FantasiaWalt Disney Productions


We’ve all seen the great movies from the past on television, DVDs or Netflix. There is that familiar music drifting in the background as the films unfold. We barely hear it and except for memorable hits, such as the theme from the Godfather or “Maria” from West Side Story, don’t notice the music. That’s all changing.

The New York Philharmonic, for one, has instituted a new annual series of movies in which the sound is muted and the live orchestra, on its own stage, plays the score, along with all the hit songs, as the movie unwinds on a huge screen overhead and behind the musicians. The idea is to bring live music to great films in a concert setting and to pump new life into them in front of today’s audiences.

It certainly works. I went to the Philharmonic’s screening of the 1940 Walt Disney film Fantasia at David Geffen Hall, Lincoln Center, New York, on Saturday as part of the series. The Philharmonic’s Fantasia was fantastic and the hall was jammed. The combination of historic movies and orchestral music is a surefire hit and we are bound to see more of them around the country.

The Philharmonic began the series of movies and music in 2013 with Hitchcock!, a series of film clips from hits directed by Alfred Hitchcock, and 2001: A Space Odyssey. They were very successful so in 2014 the orchestra produced similar movie and concert presentations of On the Waterfront, La Dolce Vita and scenes from other Italian films, such as Life is Beautiful, 8 ½ and Cinema Paradiso, Charlie Chaplin’s Modern Times and concerts featuring Pixar animated hits, such as Wall-E and Toy Story and Finding Nemo. In 2015 the Philharmonic made audiences an offer they could not refuse with multiple screenings of The Godfather.

Tuesday night, as part of its spring gala, the Philharmonic will present a selection of film clips and live music from composer John Williams films, such as Jaws, Star Wars and Schindler’s List. This fall, the Philharmonic movie series will continue with screening of West Side Story, Manhattan and Breakfast at Tiffany’s.

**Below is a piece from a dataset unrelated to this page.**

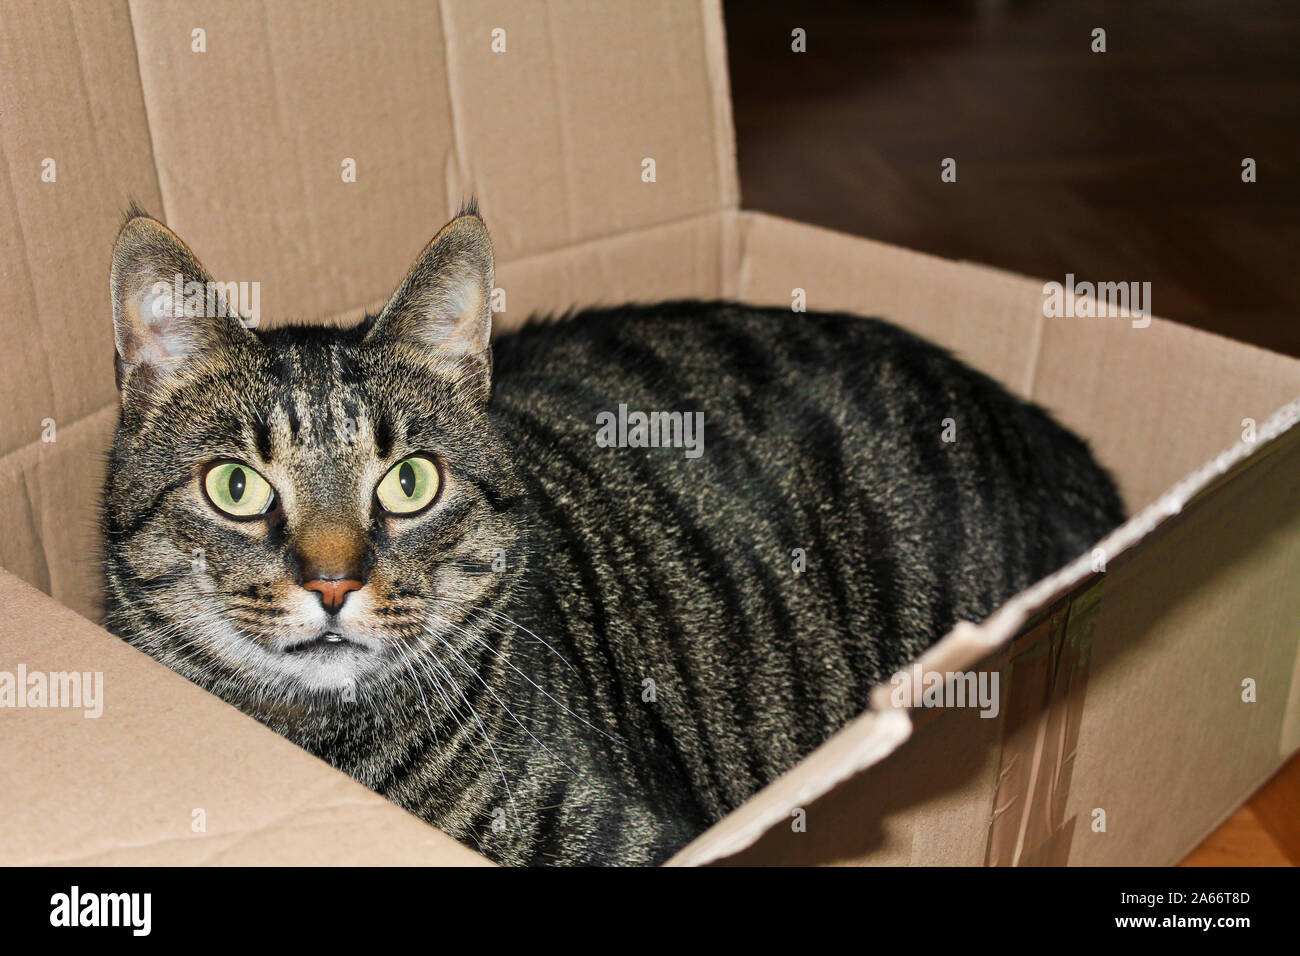 Eine Katze in eine Kiste oder ein Paket. Katzen lieben Verpackung  Stockfotografie - Alamy

The Philharmonic is also trying to reach out to families and Fantasia is a good example of that effort. The orchestra made a big push to get families to the movie and it worked. Geffen Hall was packed with kids of all shapes and sizes and, get this, they were all really well behaved. I don’t know if it was because they loved huge, smiling dancing hippos up on the screen, could rock to the joyful music from The Nutcracker, were nowhere near their cell phones and ipods of all types or were all stuffed with candy from Lincoln Center’s concession stands, but the kids, God bless ‘em, made up a dream audience.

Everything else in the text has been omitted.